▶ **INPUT DATA**
┌────────

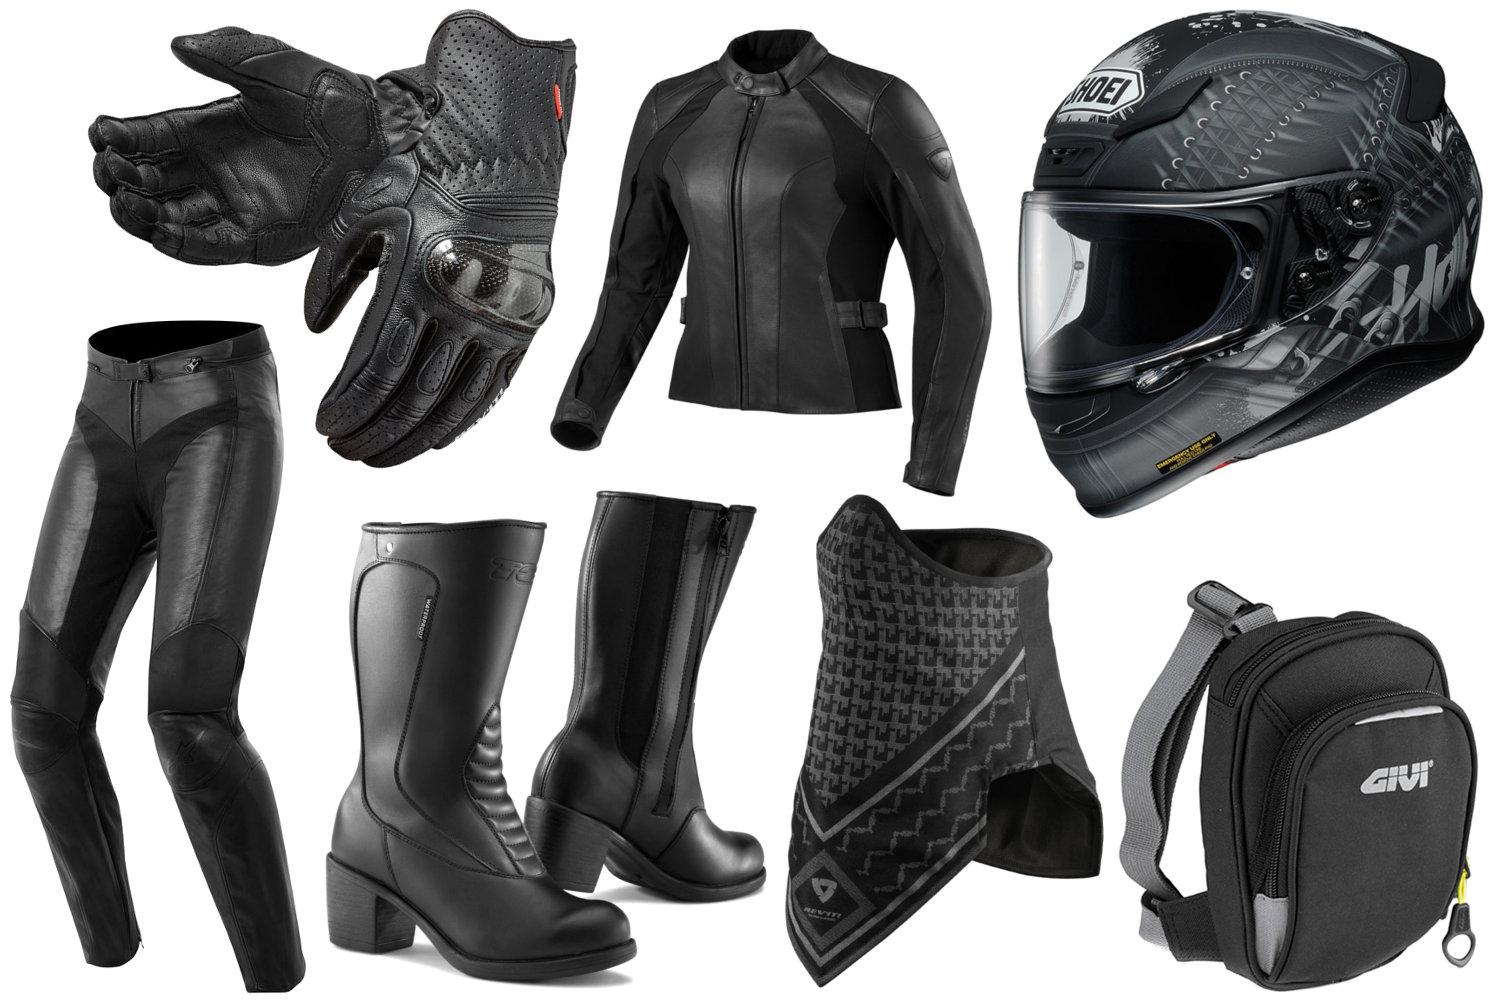 Le full black, l'équipement motarde que je trouve le plus classe !
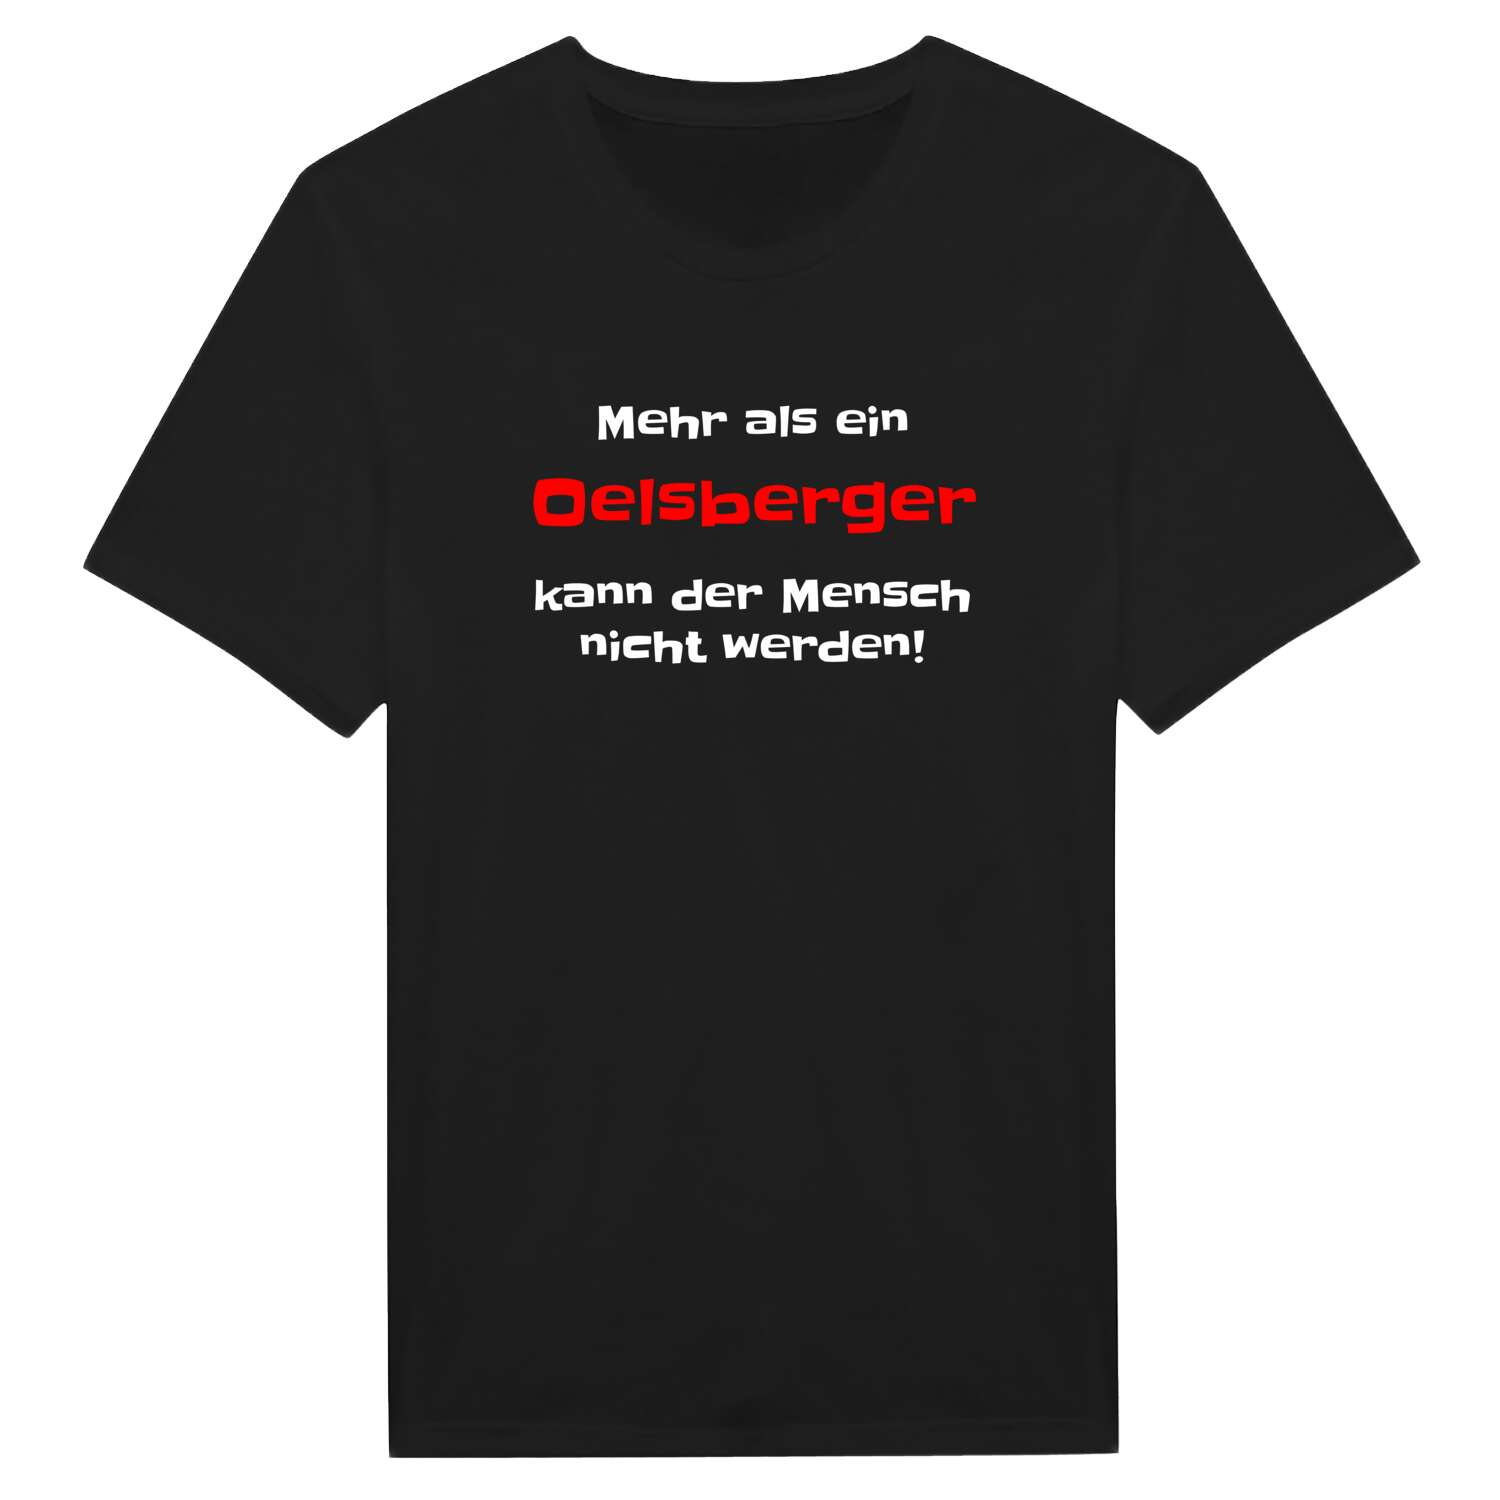 Oelsberg T-Shirt »Mehr als ein«
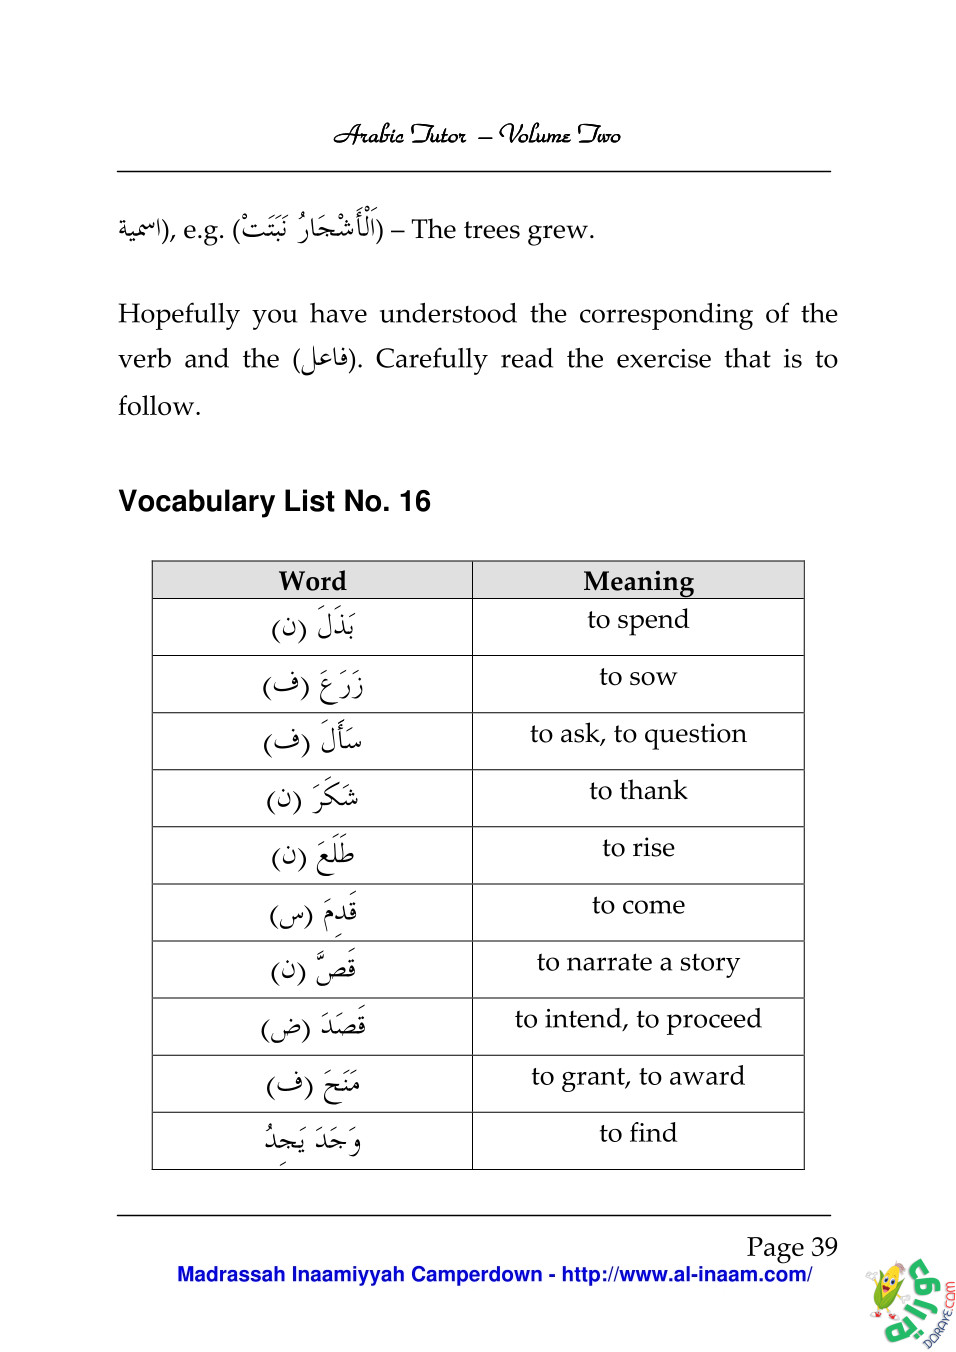 Arabic Tutor Volume Two 039 - Arabic Tutor Volume-Two 2

└────────

▶ **DESCRIPTION OF THE TASK**
Skipping any pictures, transcribe the full listing exactly.

▶ **RESPONSE AREA**
 Le full black, l'équipement motarde que je trouve le plus classe !
 Oelsberg T-Shirt »Mehr als ein«
 Arabic Tutor Volume Two 039 - Arabic Tutor Volume-Two 2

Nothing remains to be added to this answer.